The list goes on and on, but it sums up into three main things:

  1. A lot of Pokémon were cut, players are not happy.
  2. Early reports indicate the developers did not deliver on their promises to deliver better graphics, model and animation work.
  3. Players are dissecting everything in the game, looking for busted promises and taking it to social media.

That, my friends, is not a good start for any game. We’re two days away from launch (November 15), and there’s a negative hashtag trending on Twitter ahead of launch. Ouch.

In other news

Meanwhile, the Pokémon.com just published a lengthy interview with Ohmori and Masuda, Game Director and Producer of GAME FREAK, inc. The interview goes over many details that affected game design. We were surprised to see that SwSh was developed at the same time as the Let’s Go! series:

Pokémon: Let’s Go, Pikachu! and Pokémon: Let’s Go, Eevee! were developed at the same time as Pokémon Sword and Pokémon Shield, and the two teams collaborated heavily. With Pokémon: Let’s Go, Pikachu! and Pokémon: Let’s Go, Eevee!, we were able to create the core systems that form the base for our development on Nintendo Switch.

One thing we didn’t originally intend to implement in Pokémon Sword and Pokémon Shield was having Pokémon roaming around in the field. After Pokémon: Let’s Go, Pikachu! and Pokémon: Let’s Go, Eevee! were released and we saw how popular the feature was, we worked hard to bring it over to Pokémon Sword and Pokémon Shield for a lot of the Pokémon and adjusted the balance of the games to make it work.

I think that the interview is fair and it outlines sensible direction for any Pokémon game. Nothing to hate here, regardless of how you slice it. Ohmori and Masuda are doing their job, and yes, there’s a lot of corp talk, but its all reasonable.

So, what happens next? Honestly, I don’t know.

Parting words

This is not good. This is not good for any game, but let’s talk Pokémon games in general for a second.

From what I’ve seen, SwSh looks like any other Pokémon game to date, with a smaller Pokedex. And that’s fine, these games were never Breath of the Wild or Red Dead Redemption style juggernauts. The core battling game play loop is still there, you’re still catching Pokémon and you’re still gonna spend ~20 hours exploring a new Poke region.
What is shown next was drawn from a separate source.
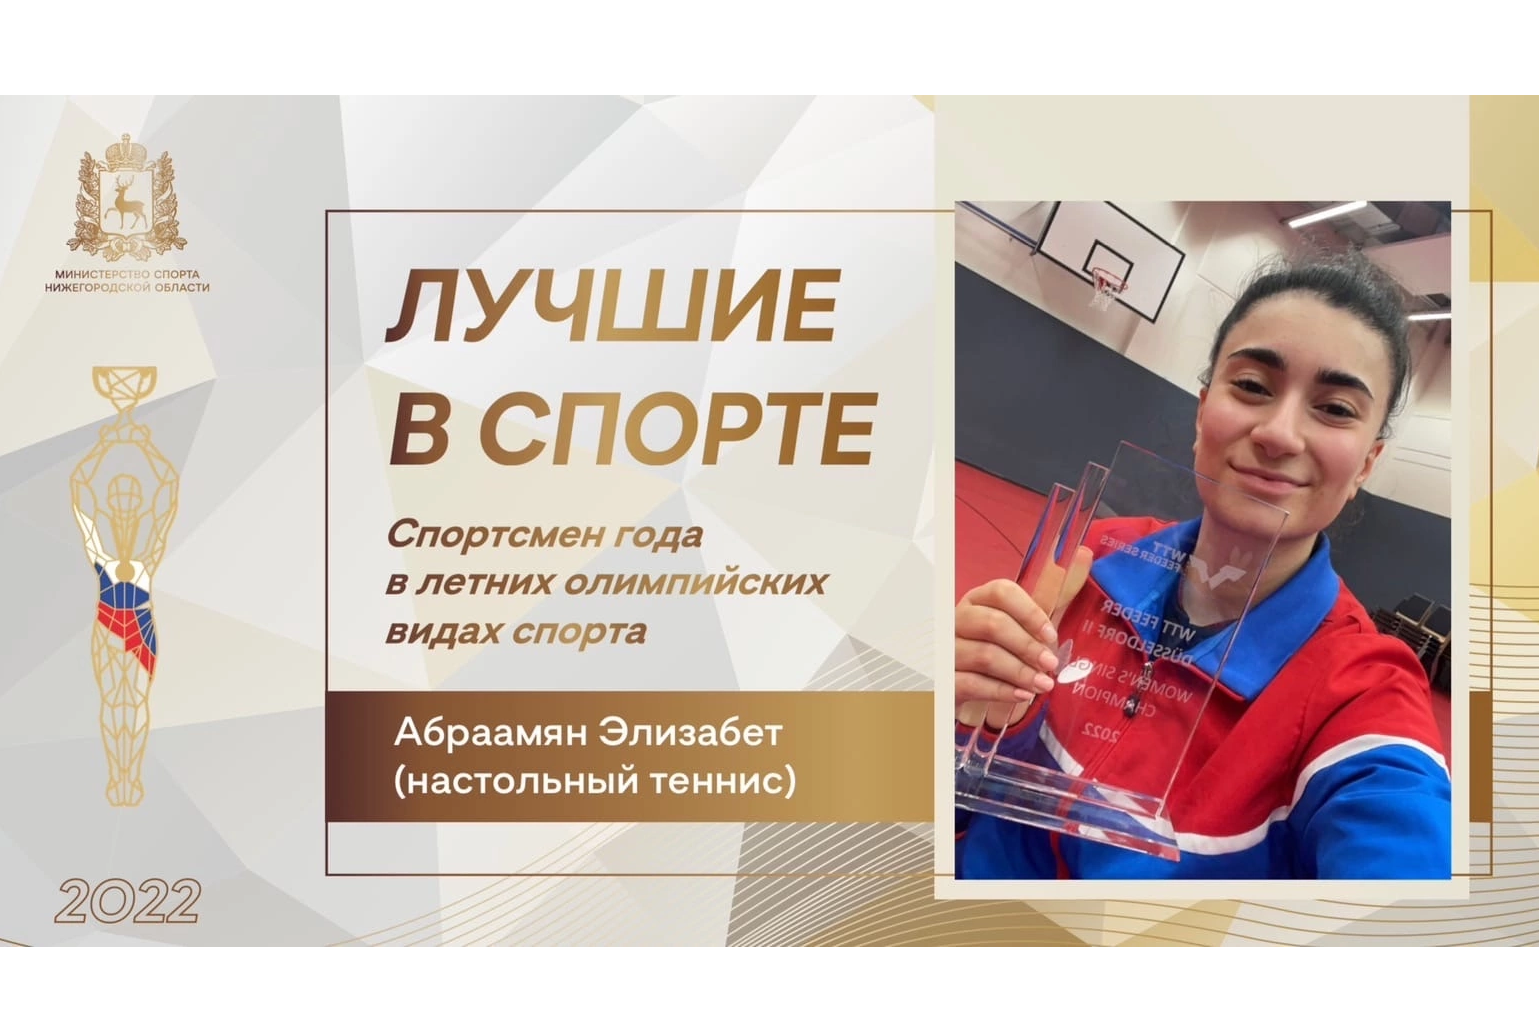 Студентка Мининского стала победителем региональной премии Лучшие в спорте-2022

Players are furious, that’s for sure, but the reasoning seems to be directed at the general approach to how Pokémon games are developed, not Sword and Shield in particular. Players are having problems with issues around the game, not the game itself.

The graphics

Yes, I’ve seen the live streams that leaked the game. No, it’s not that terrible as the Internet wants you to believe. The game looks great at some occasions and it looks fine otherwise. It’s colorful, most models look great to my eye, the animations outside of the ones that have been cherry-picked to look bad, look fine as well. The only problem I have is the low culling distance and Pokémon popping in, but I can live with that.

My decision

I’ll try the game. I’ll give it a shot this Friday. Part of me wants to play a new Pokémon game, and a part of me wants to see if the Internet was right. It’s hard to imagine that it can be as bad as people are making it to be, this is Pokémon after all.